**Given data:**

====

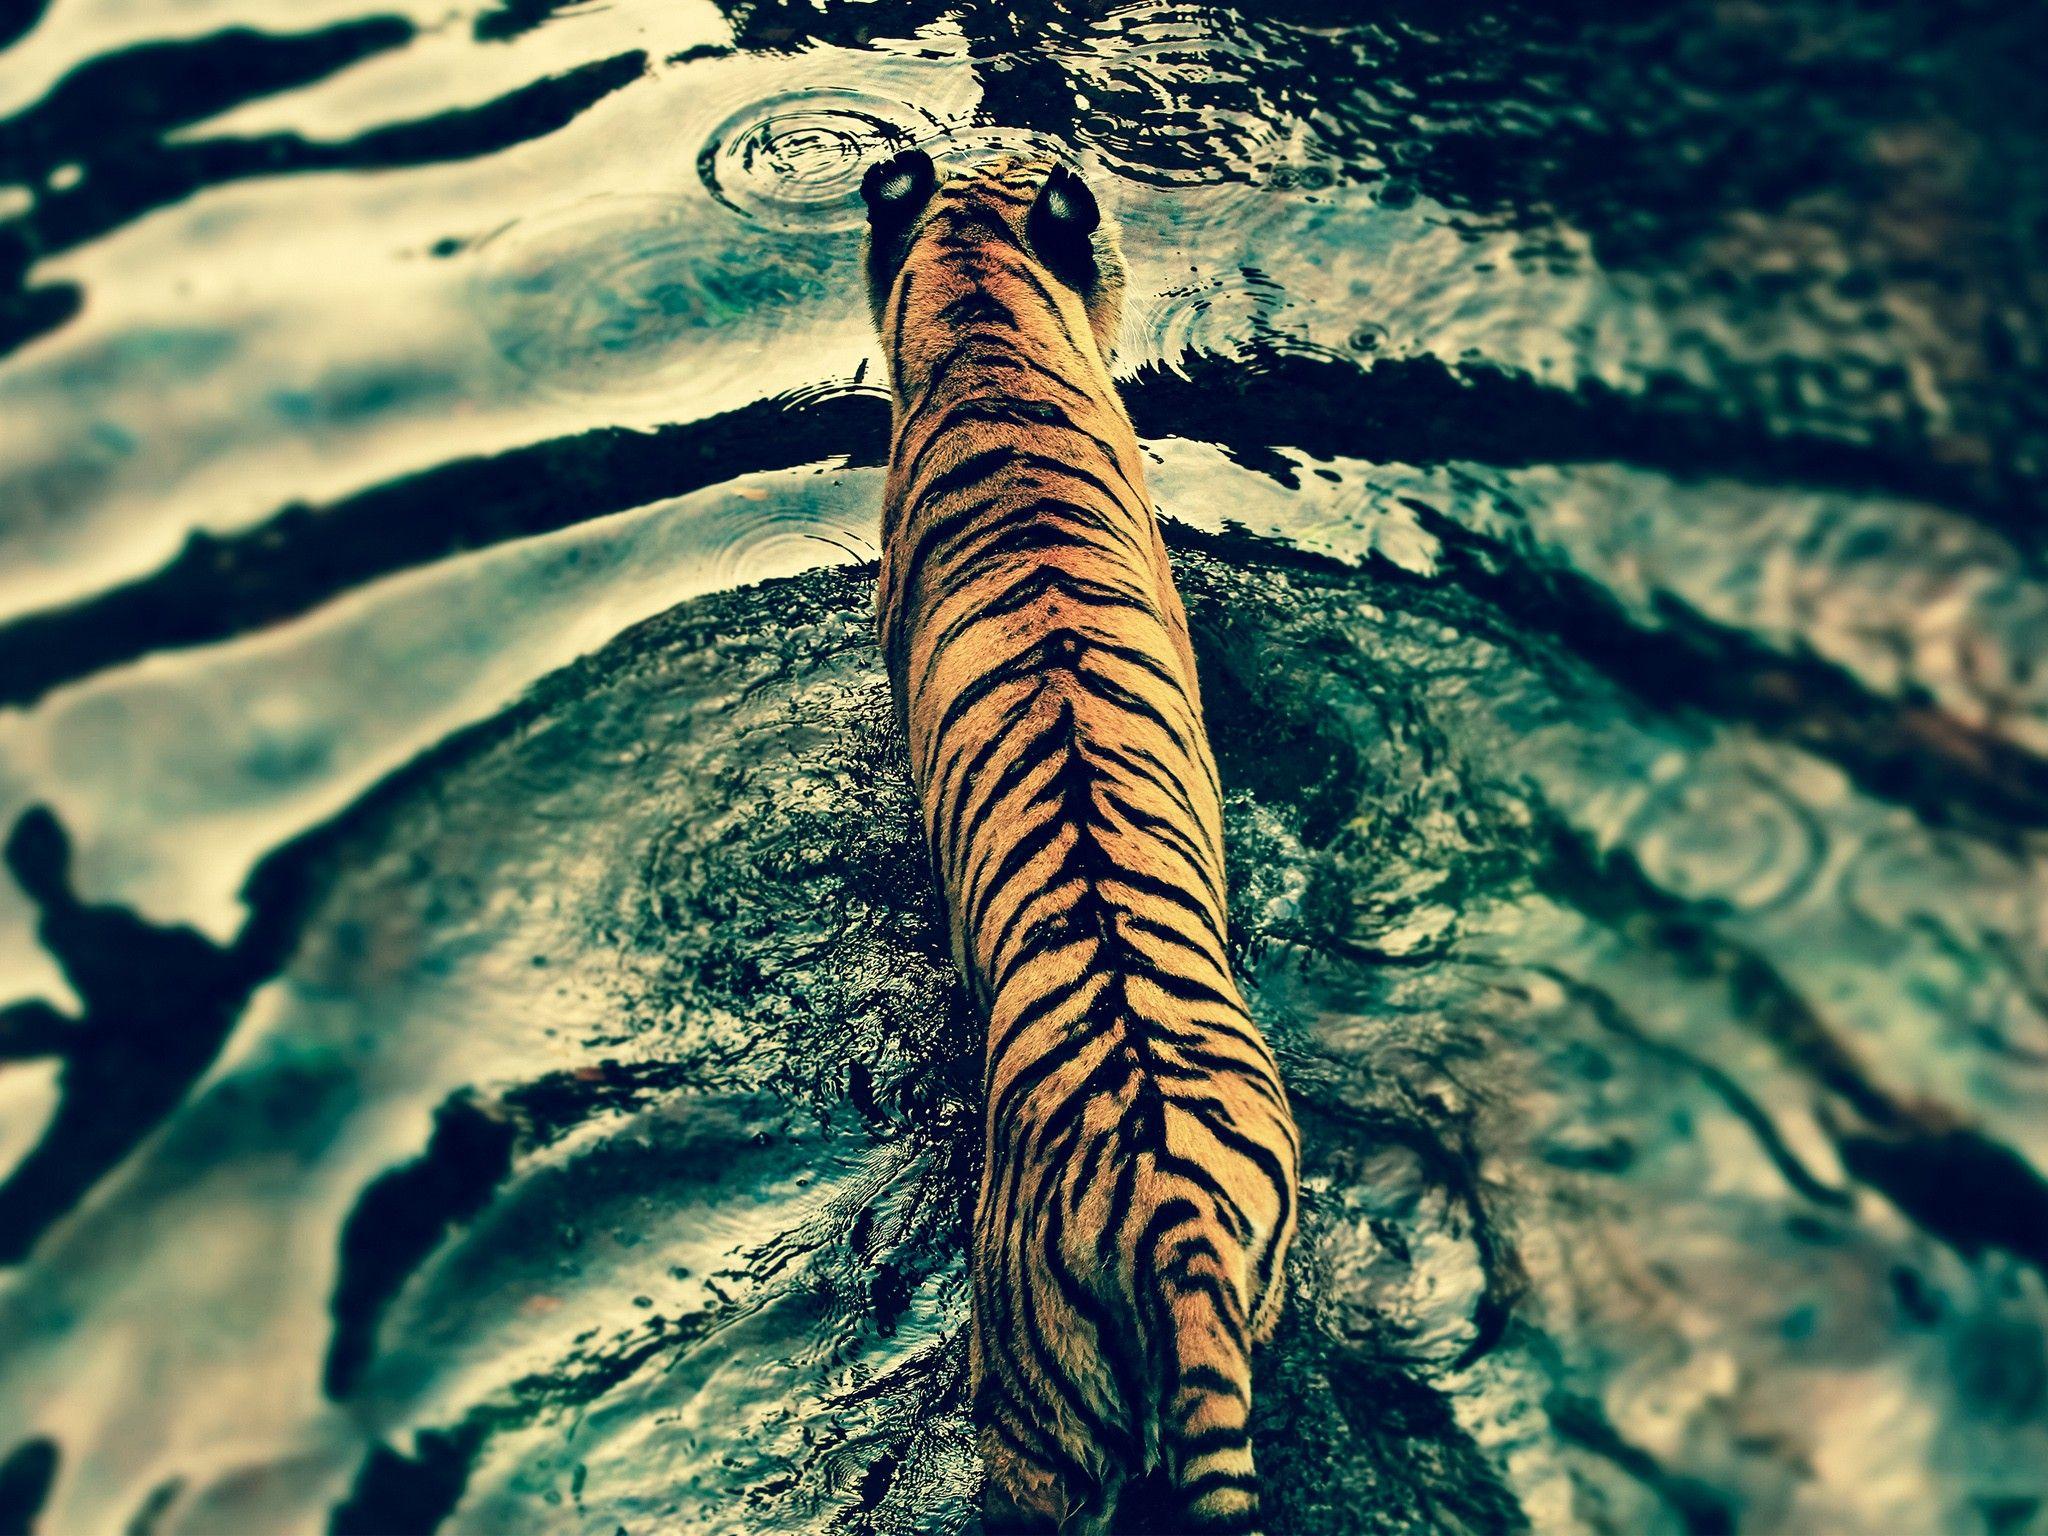 Tiger in Disney's Animal Kingdom HD Wallpaper Free Download at
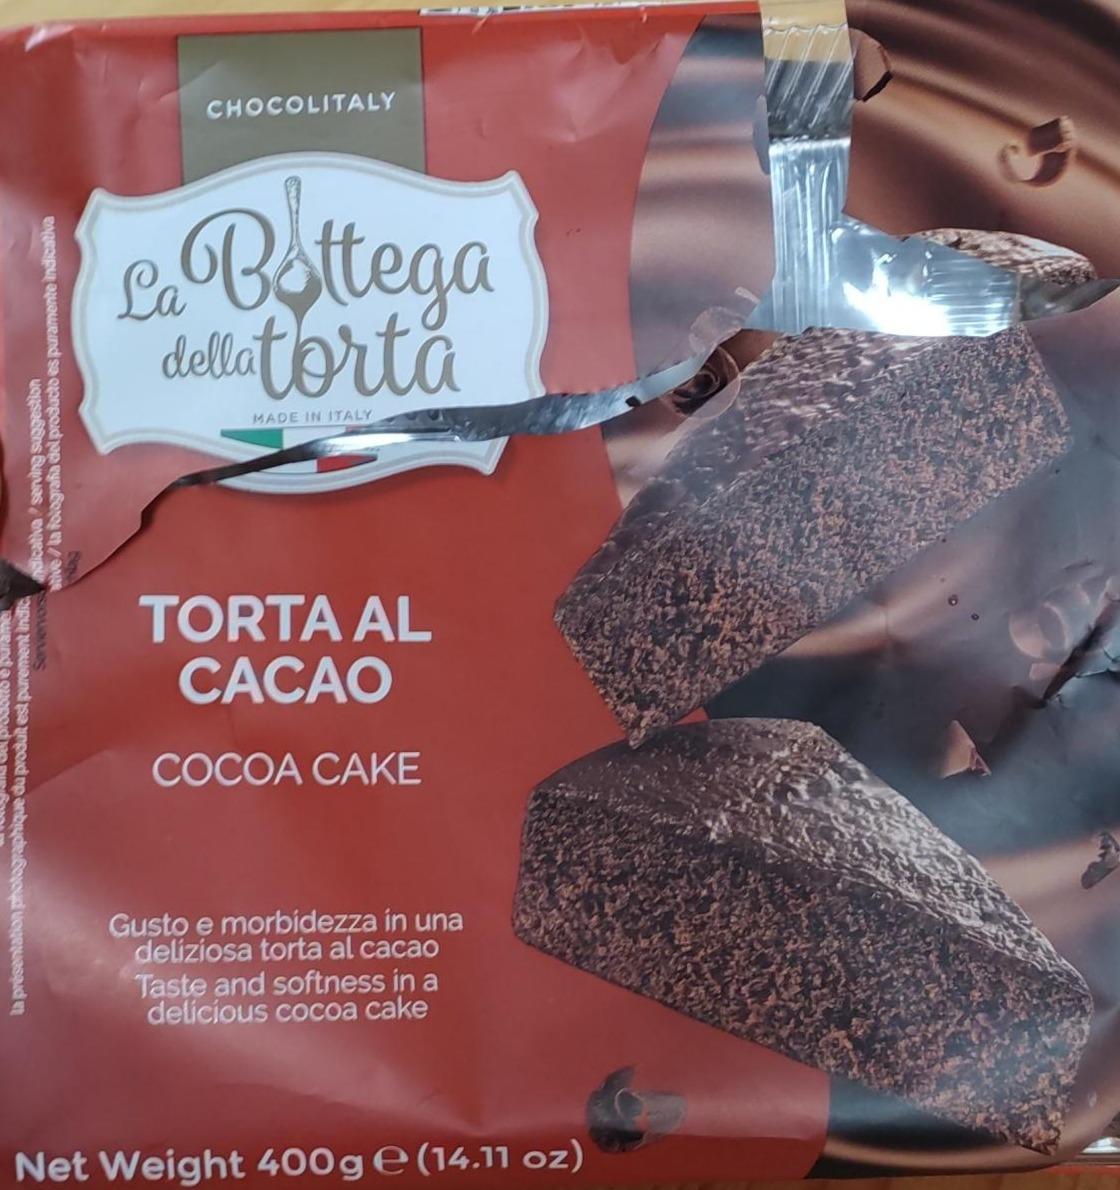 Fotografie - Torta al cacao la bottega Della torta Chocolitaly
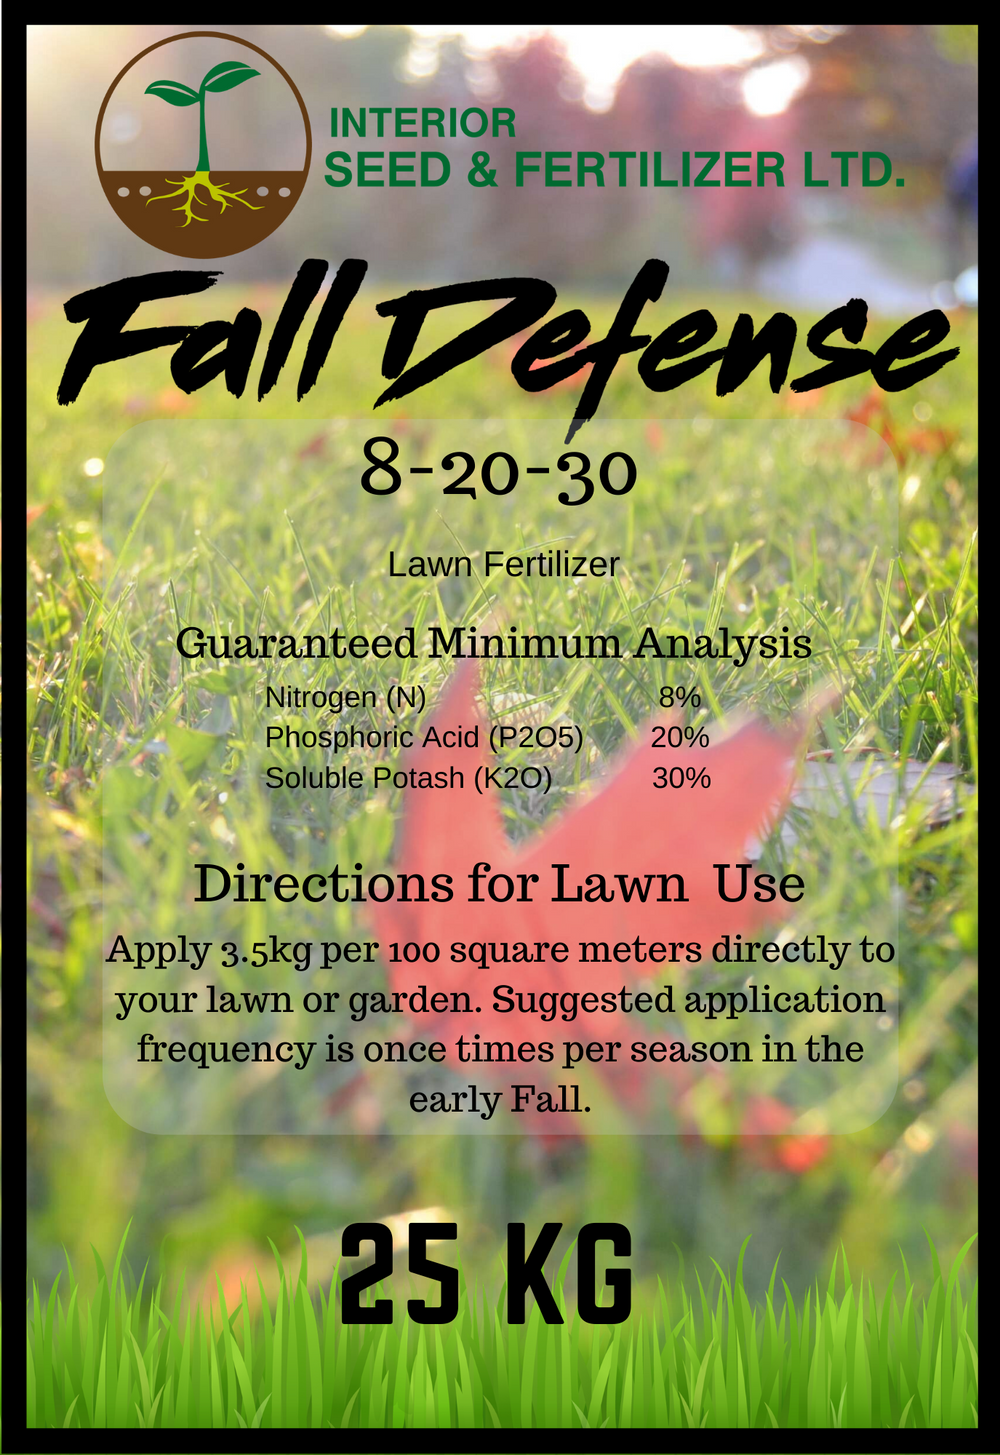 Fall Defense Lawn Fertilizer. Prepare your lawn for autumn and winter. 8-20-30 Fertilizer from Interior Seed and Fertilizer Garden Centre in Cranbrook, BC

====

**Brief:** With the pictures removed, write the listing out word for word.

**Exercise answer:**
 Tiger in Disney's Animal Kingdom HD Wallpaper Free Download at
 Fotografie - Torta al cacao la bottega Della torta Chocolitaly
 Fall Defense Lawn Fertilizer. Prepare your lawn for autumn and winter. 8-20-30 Fertilizer from Interior Seed and Fertilizer Garden Centre in Cranbrook, BC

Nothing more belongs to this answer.